Pessoalmente, estou cansado de tanto pessimismo. É um convite disfarçado à inação, à aceitação da repetição. Que tal o exercício oposto? Imagine, por um instante, que voltamos ao início do século 20.
Quem poderia pensar, naquele momento, que este seria o século de Einstein e Eisenstein, de "Luzes da Cidade" de Chaplin e do jazz de Miles Davis? Dos existencialistas, dos cubistas e dos construtivistas; da Revolução Russa, do Che e de Mao; do neo-realismo, da nouvelle vague e do cinema novo; de Gershwin, dos Beatles e de Antônio Carlos Jobim.

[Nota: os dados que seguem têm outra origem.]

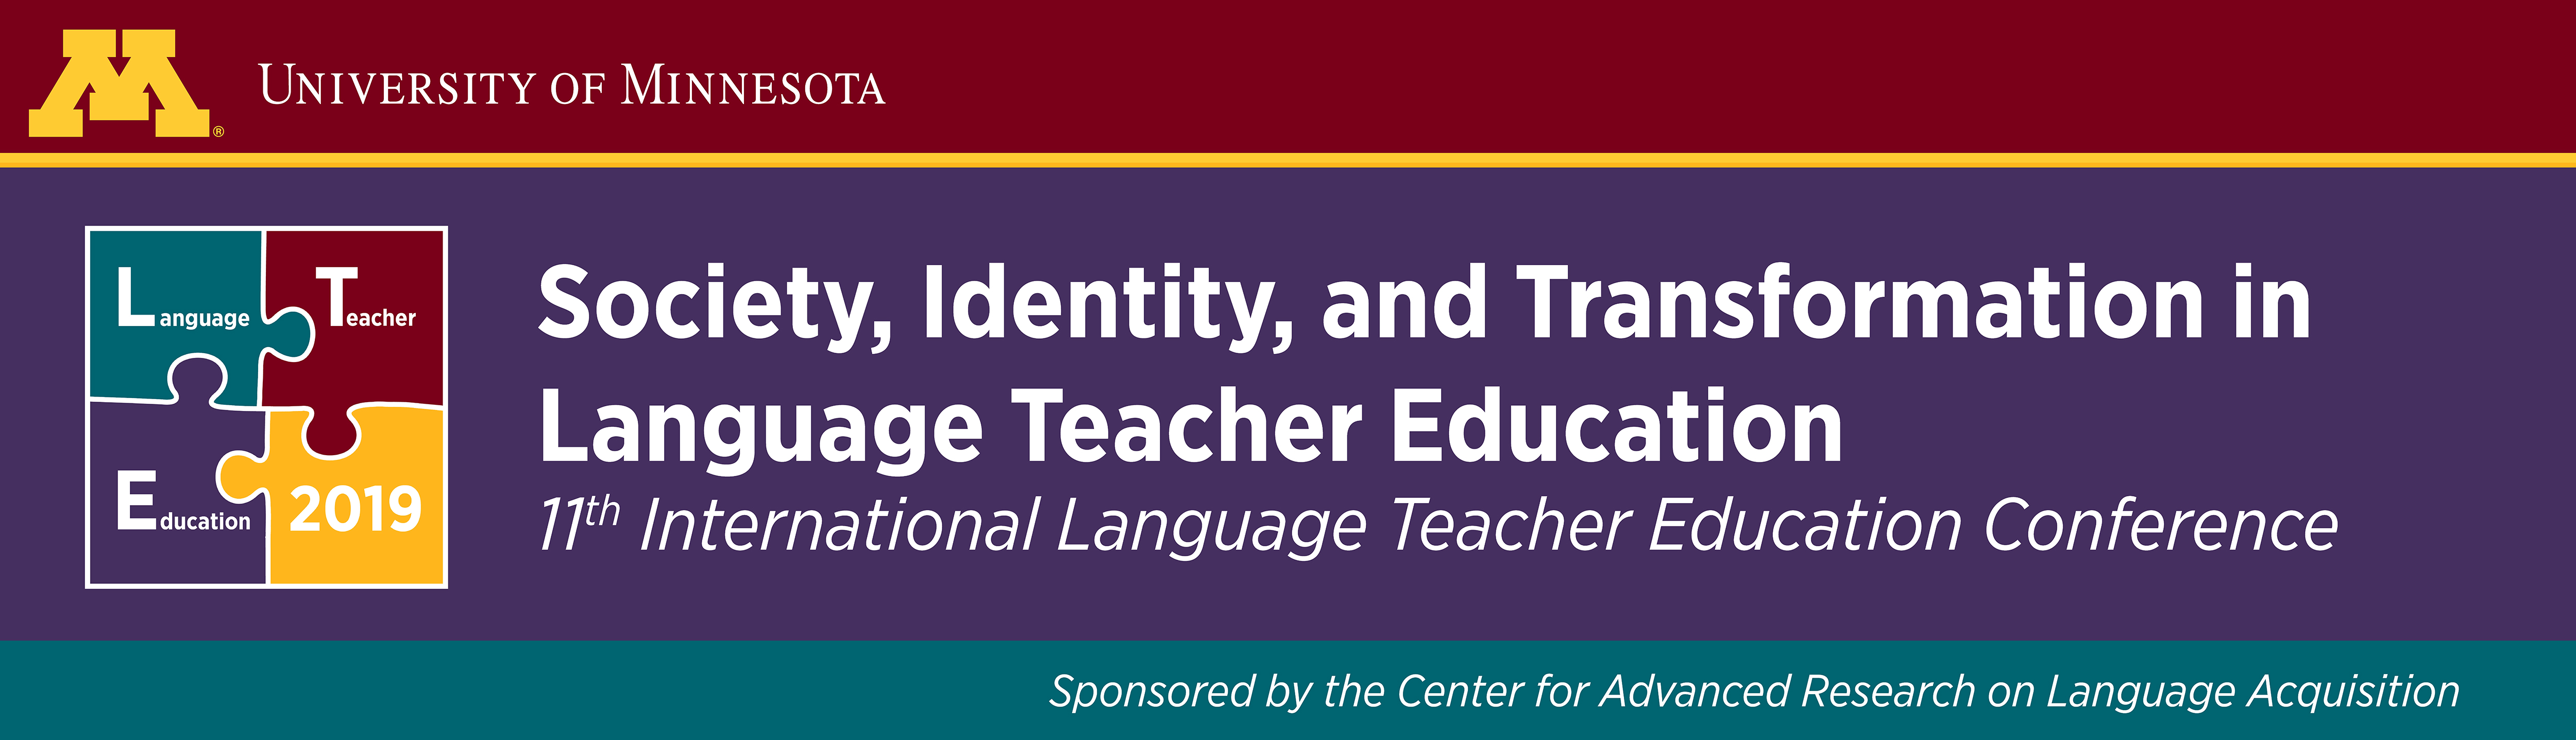 11th International Language Teacher Education Conference sponsored by the Center for Advanced Research on Language Acquisition

E de Duchamp e Cage, que tudo desconstruíram para que tudo pudesse ser reinventado.
1º de janeiro de 2000. Pode-se entrever, pelo menos na área cultural, razões para algum otimismo. Indícios de que é possível inventar aqui uma arte autônoma a partir de quase nada, concretizando uma forma de expressão eminentemente brasileira e, por isso mesmo, universal.
Duas exposições de artistas plásticos brasileiros me transmitiram recentemente essa impressão. A primeira é a retrospectiva de Cildo Meireles no "Novo Museu de Arte Contemporânea", em Nova York.

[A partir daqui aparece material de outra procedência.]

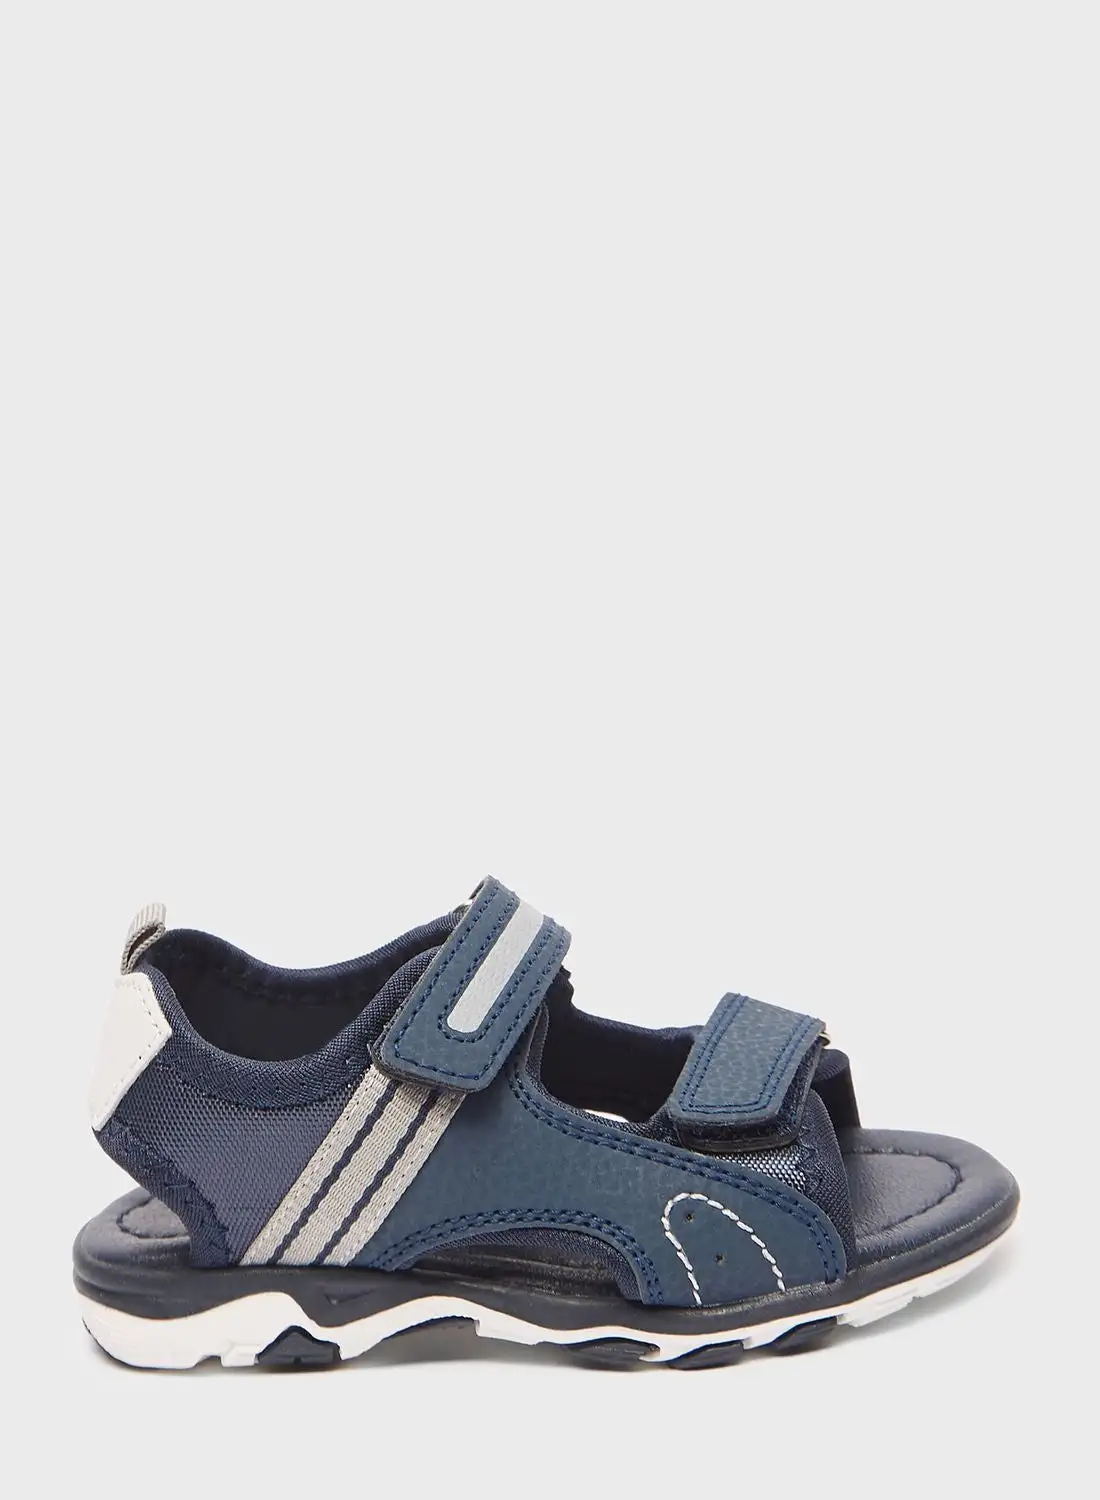 LBL by Shoexpress Kids Casual Sandals

Entrei na exposição de Meireles depois de percorrer dezenas de novas galerias de Chelsea, área onde são exibidos trabalhos de jovens artistas americanos e europeus -quase sempre obras intituladas... "sem título".
A retrospectiva de Cildo Meireles é uma ilha de invenção e sensibilidade em meio aos malabarismos estéticos que estão na ordem do dia.
Como nos haiku japoneses, tudo em Meireles é síntese e condensação, numa prova de que simplicidade e densidade não são mutuamente excludentes. As instalações mexem com camadas diversas da percepção -o olhar, o tato, o gosto. Os conceitos tradicionais de tempo e espaço, a própria organização do mundo segundo os princípios euclidianos são questionados.
Faz anos que não me sensibilizo tanto numa exposição. Há, nessa retrospectiva de Cildo Mereiles, um convite generoso à participação. E nenhum sarcasmo. Por isso mesmo, o espectador se sente parte de uma experiência única e reveladora.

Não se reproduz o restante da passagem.